Suspected Scammer: “I'll Take Old Lady's Cash”

Jamaican lottery scam rips off $370,000 from incapacitated local woman

A woman in Jamaica using the same cell phone as scammers who ripped off at least $370,000 from an elderly South Florida woman vowed she'd keep bilking the helpless woman.

The 79-year-old victim, whose identity we've agreed to protect because authorities fear her scammers are a danger, left a Broward County courtroom Tuesday afternoon after being deemed “incapacitated” so her bank accounts could be frozen.

She wanted to continue paying the scammers, even though she'd already paid hundreds of thousands without getting a dime back. The scammer told her the large sum was for bogus "fees" in exchange for a non-existent $7.5 million Jamaican lottery jackpot.

"I could not convince her,” the woman's financial adviser, David Treece, said outside the courtroom. "Nobody could convince her. It's a sad, tough case."

Treece tried in vain for months to get authorities to take action, but none was taken. So he finally had to hire a lawyer himself and take his own client to court.

"And if I know this money is going to criminals, I'm not going to facilitate it," he said.

Once the scammers knew they had her, they actually came to the victim's house in a tidy Broward neighborhood, according to court testimony, posing as lawyers for the Jamaican attorney general trying to devise a bigger payment plan for her.
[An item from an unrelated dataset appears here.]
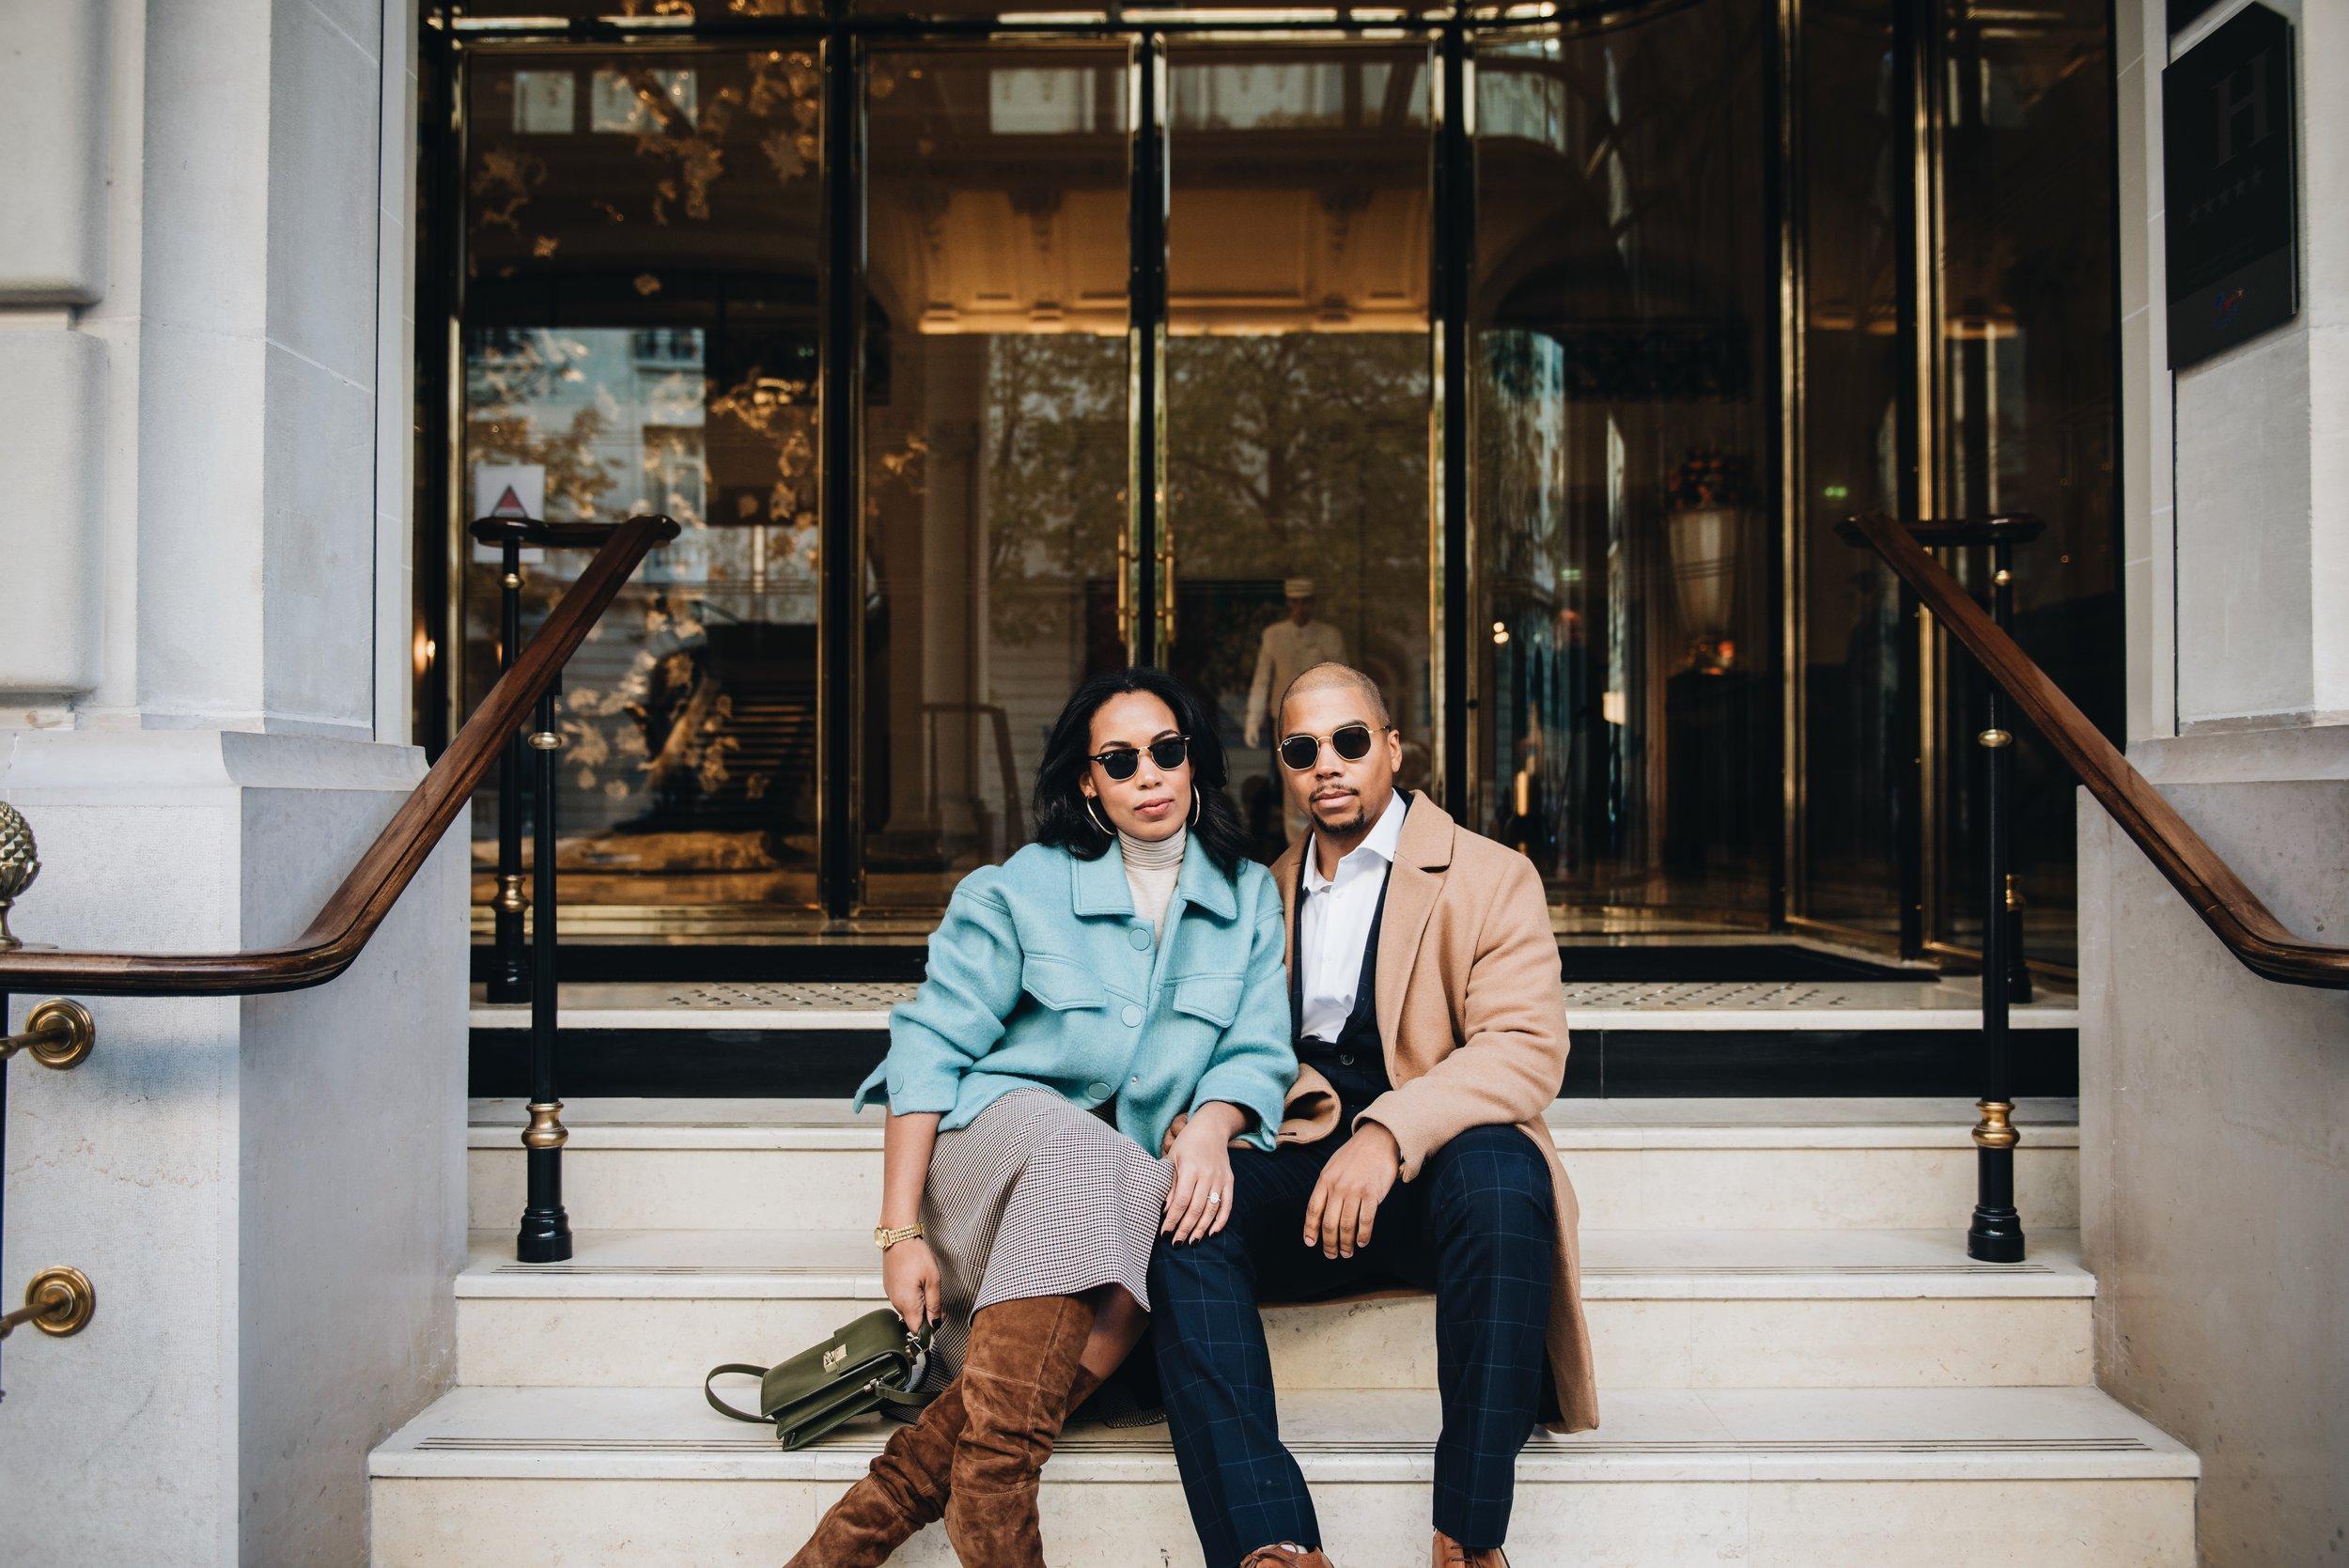 mango-wool-coat-zara-plaid-button-skirt-steve-madden-dakota-suede-brown-boot-rayban-clubmasters-hexagonal-flat-lens-urban-outfitters-camel-mens-coat-banana-republic-navy-slim-suit-4.JPG

They called her neighbors, say court documents. They even posed as FBI agents trying to charge her to get her own money back.

So entwined was the woman with her scammers that phone records show she called Jamaica and the U.K. 163 times in one month alone. From one minute calls up to 85 minute calls. Her phone bill for that month: $536.18.
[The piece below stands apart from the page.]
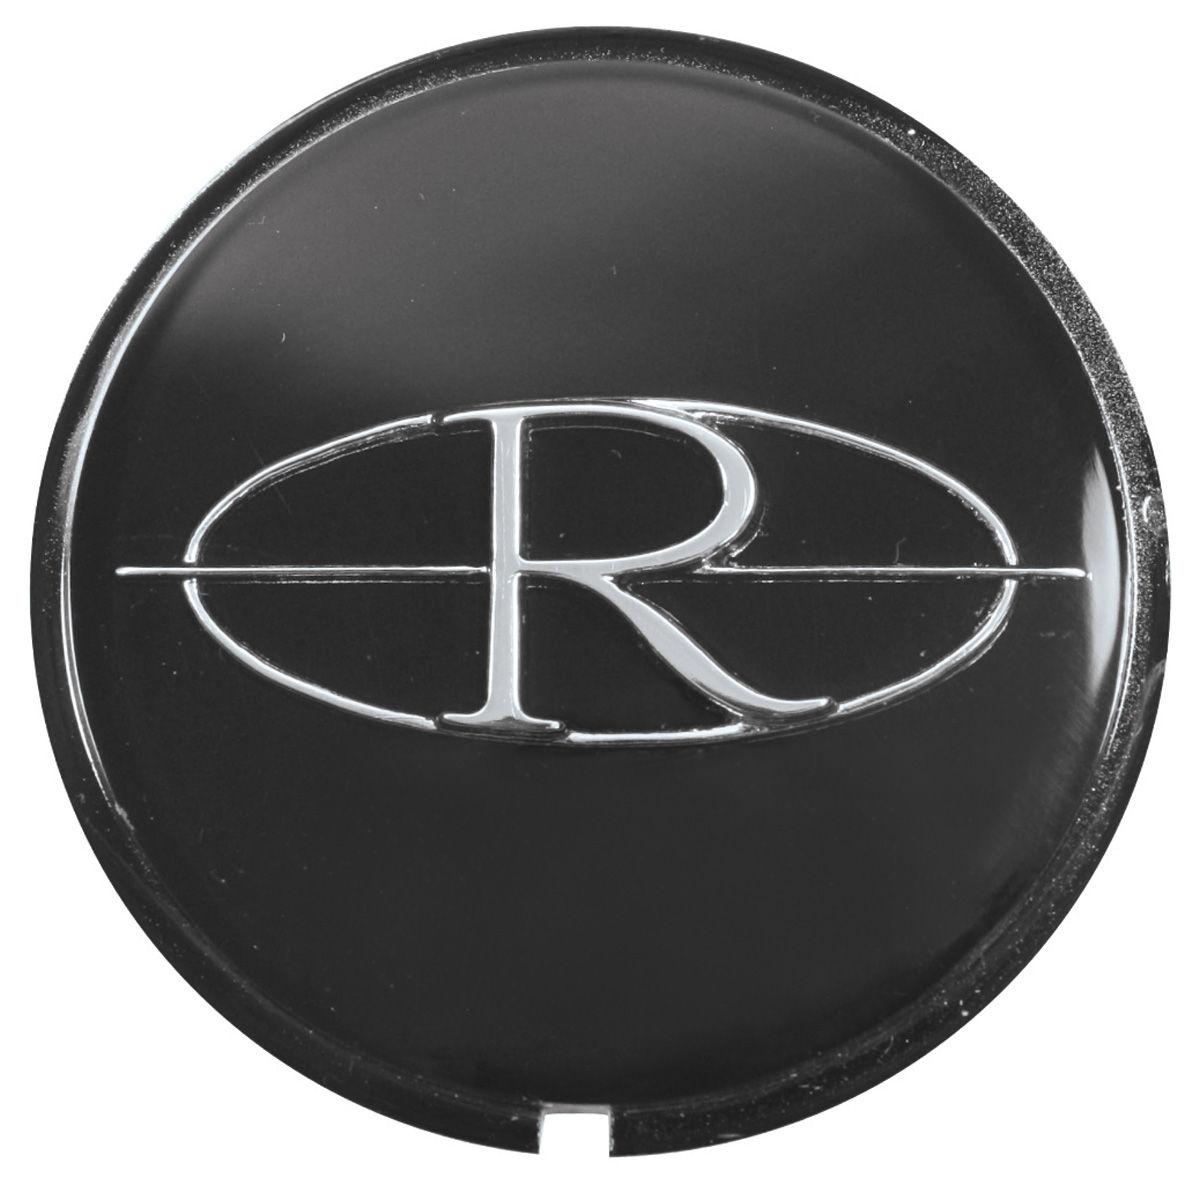 Buick Regal T Type >> Riviera Wheel Center Cap Emblem Fits 1966-70 Riviera ...

So NBC Miami called the scammer's number in Jamaica, and the woman who answered admitted to knowing the victim and wanting her money. She said the scammers stole her phone number, and she's getting calls from many scam victims, who she's more than happy to relieve of their cash.

"If I had a way to take (her) 35 thousand, 45 thousand, 25 thousand, honestly to God, I would take it. Honestly, I would," the woman said when contacted Wednesday. "I'm not connected to those friends. I don’t know those friends. But you don’t tell me that it's hard to believe. I'm telling you something, if I knew how to get her money, I would take it.
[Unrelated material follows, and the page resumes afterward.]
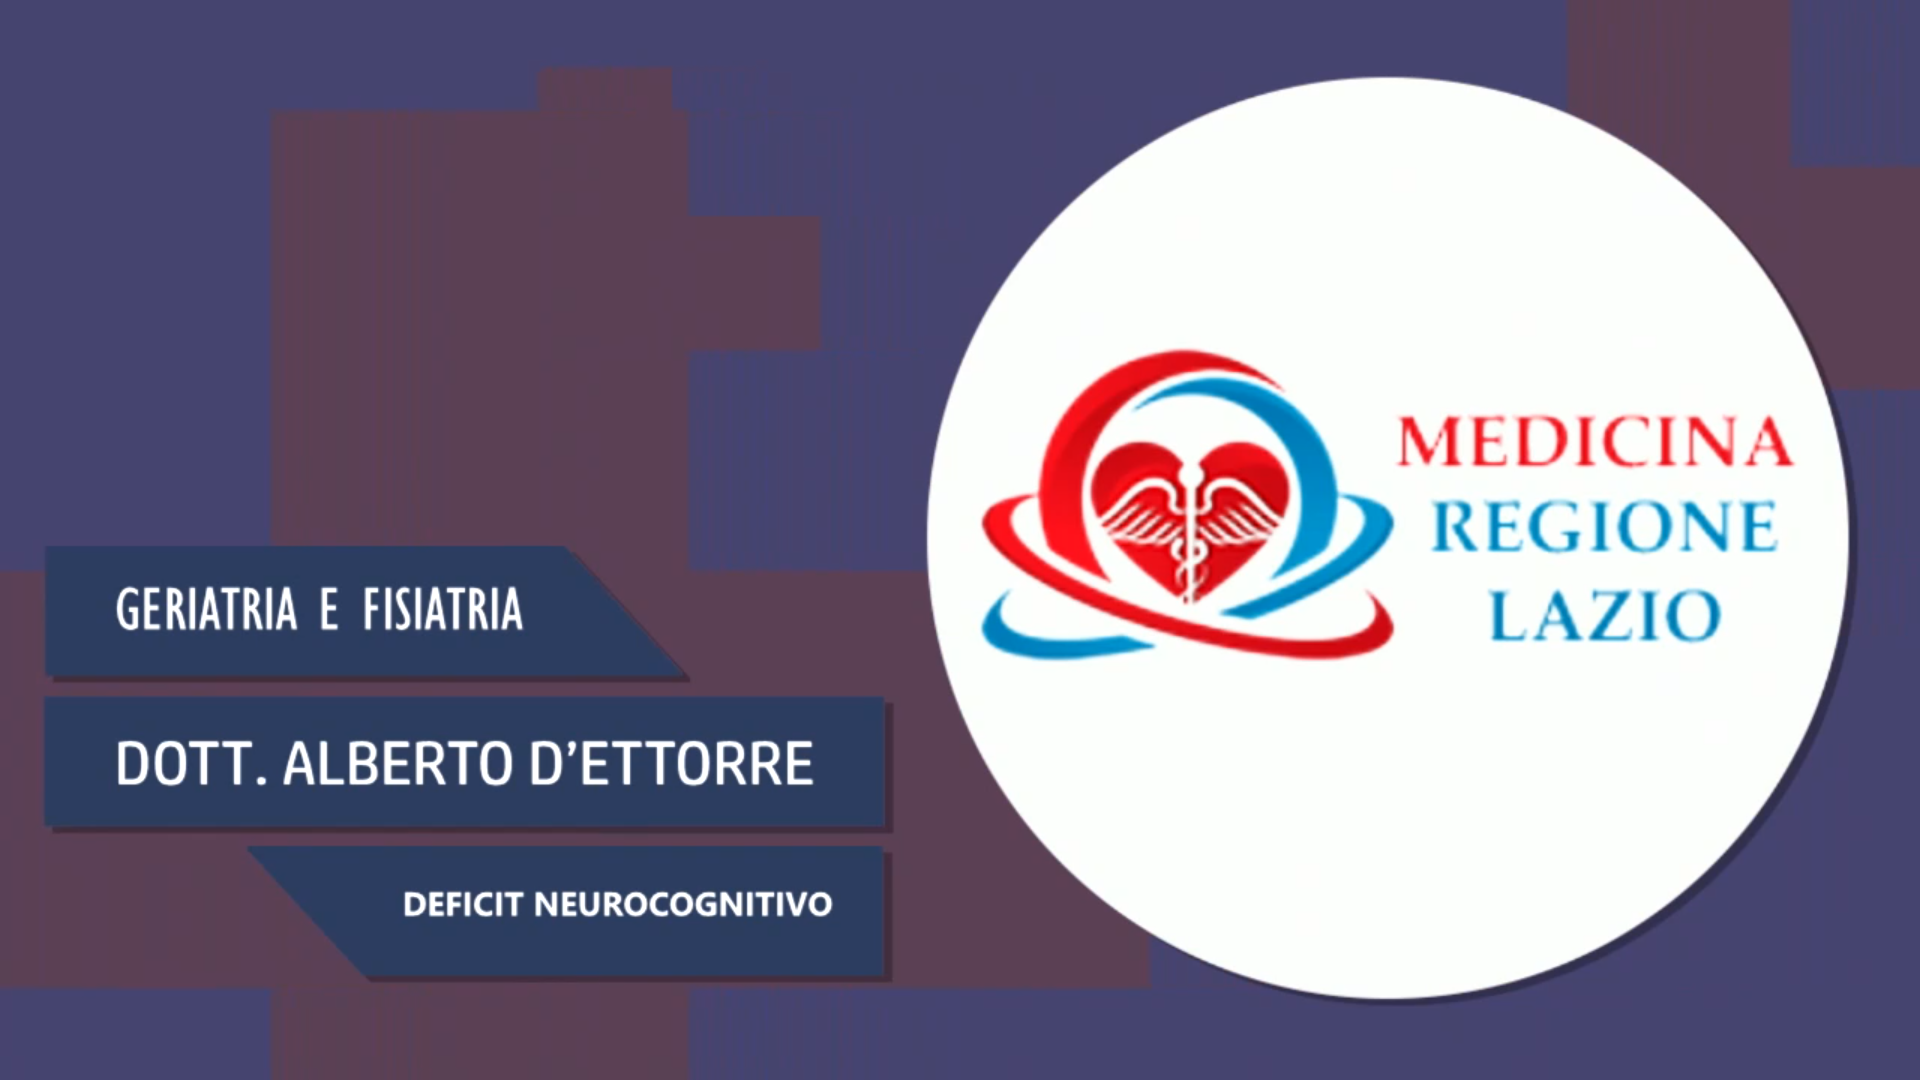 Intervista al Dott. Alberto D'Ettorre – Deficit Neurocognitivo

"If she calls me anymore and tells me that she has any more money, I am going to take it."

The woman also claimed the scammers are threatening her for taking back her phone number and effectively shutting them down.

Guilty or innocent, she said she's unafraid to talk to American authorities, if they call.

The victim's money was going fast but, now that the bogus payments have stopped, Treece said she still has enough for retirement.